Think of the serenity prayer—“God grant me the serenity to accept the things I cannot change; courage to change the things I can; and wisdom to know the difference.” It’s a beautiful prayer. Classic. Timeless.  The basic message of the prayer is don't catastrophize, if you can help it.

Avoiding the tendency to catastrophize is not an easy thing to do for people who suffer from anxiety. With worrying sometimes we think that by the very act of holding the problem in our conscious thoughts at all times and putting effort into the worrying about it, that somehow momentum is being gained. We think the problem is being worked on by the very act of our being hypervigilant and aware of it.

We can even feel the tension in our bodies as we dwell  on the problem.  Maybe it's that if we can physically feel that tension we think it must account for something, as well.  Think of the animal who sticks his hand in the trap for the food and pulls and strains to get his hand out out.  The animal too maybe thinks, well I must be getting somewhere look at all the effort I'm putting into this.  But it's got to let go of the food in order to get it's hand back out.

It can become a difficult concept to understand that by letting go, we are actually reclaiming our power in the situation.  I’m the first to say that awareness of an issue is the first step in resolving it, but at the same time awareness alone does nothing. Keeping guard of the issue by not letting it out of our constant thoughts, never taking a break from it, doesn’t necessarily do anything for us either.

Think of it this way, have you ever worked on a project and then stepped away from it for awhile? Maybe you worked on it for several hours and were feeling stuck and then you left to grab something to eat and came back to it with a different perspective?

Maybe you dropped all thoughts of it for awhile and then found that when you returned you had renewed interest in it or a renewed approach? Something may have shifted in the process of distraction for awhile. Stepping away can increase our ability to creatively problem solve whatever the issue is.

This article in the Scientific American talks about something called the DMN or default mode network. It’s the mode we occupy often while daydreaming. What research has taught us is that when we think we are daydreaming and while we are in those distracted states our brains are collecting information in the background and processing and integrating information from other regions of the brain in complex ways.

For some this offers relief and comfort. We can let go of holding on to those anxious thoughts and if the thought of letting those thoughts out of our sight, as it were bothers us, well then just know that our brains are working on the issue whatever it is anyway and without our even consciously thinking about it. Taking a break actually works to our advantage. We can get some rest and come back.

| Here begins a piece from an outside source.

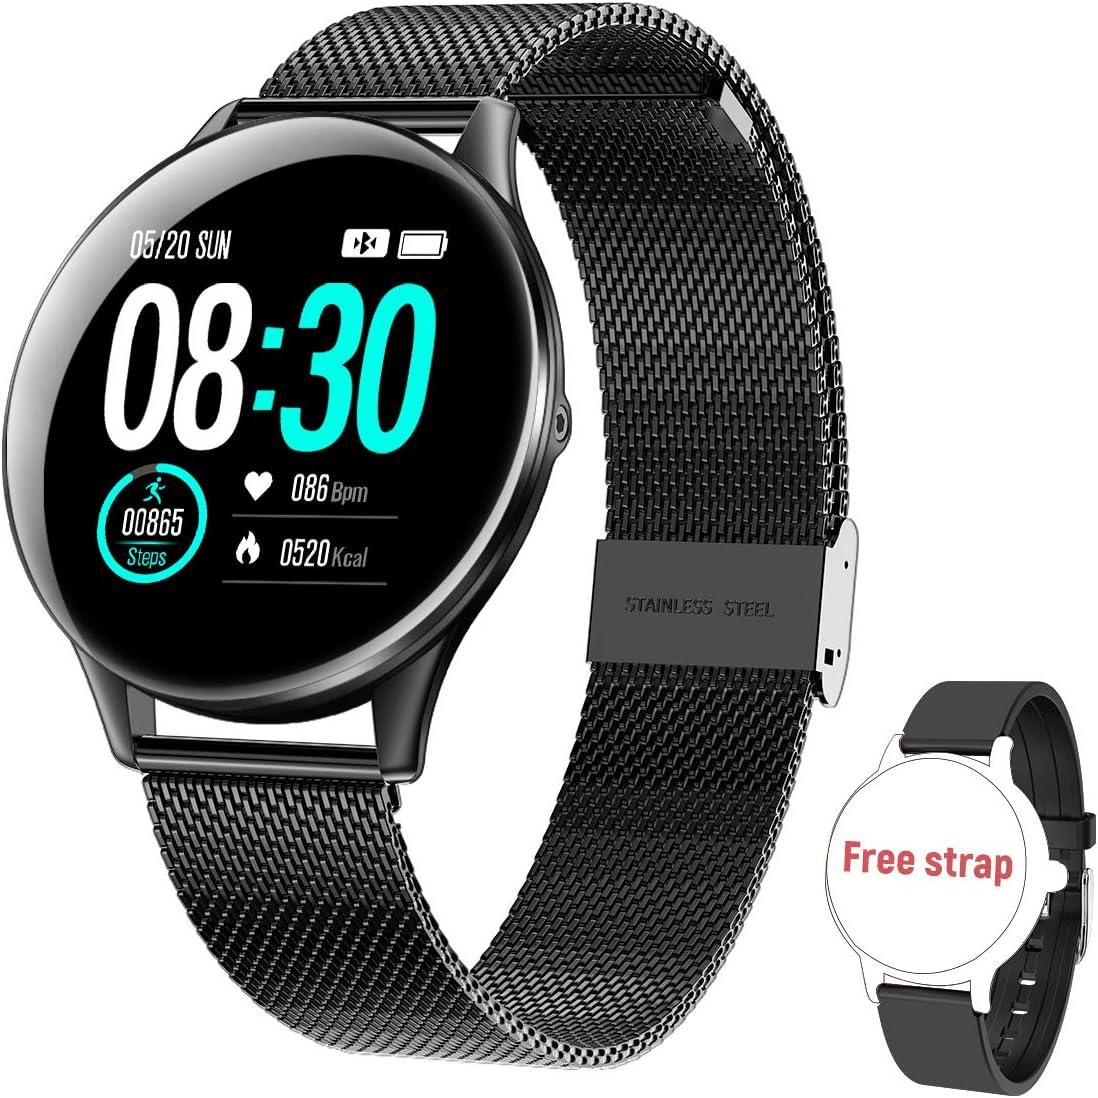 HopoFit Smartwatch, Reloj Inteligente IP68 Impermeable Pulsera Actividad Inteligente con Pulsómetro, Monitor de Sueño, Podómetro, Calorías Mujer Hombre para iOS y Android

Catastrophizing has been addressed in other ways with the “Let go and let God” or “Let go and the let the universe” concept. Without the need to rely on religiosity or even mysticism per se just know that the brain is handling the issue. Think of it as the "do nothing" or "be still" approach.  I posted a video recently on my facebook page about this approach.  You can find that link here.

It turns out that even with the do nothing approach, something is being done. We are coming to state of rest and mindfulness orientedness within ourselves as we let go of the anxiety. As we are resting the world around us might be humming with activity, putting other forces and scenarios into play.

So that even within the course of an hour, or a day, or a week, or a month we never step into the same river twice. We over time and even within the span of a day grow and learn. So that we always come back to the issue as a different person as it were and with a different approach. The river or problem if you want to think of it that way, it too, changes as it flows along.

I’m not trying to get super esoteric here and I hope I haven’t lost anyone yet. The point being that when we are rested, when we allow those moments of rest, we’ll have the ability to better tackle whatever new issues arise in addition to approaching the old from a steadier ground.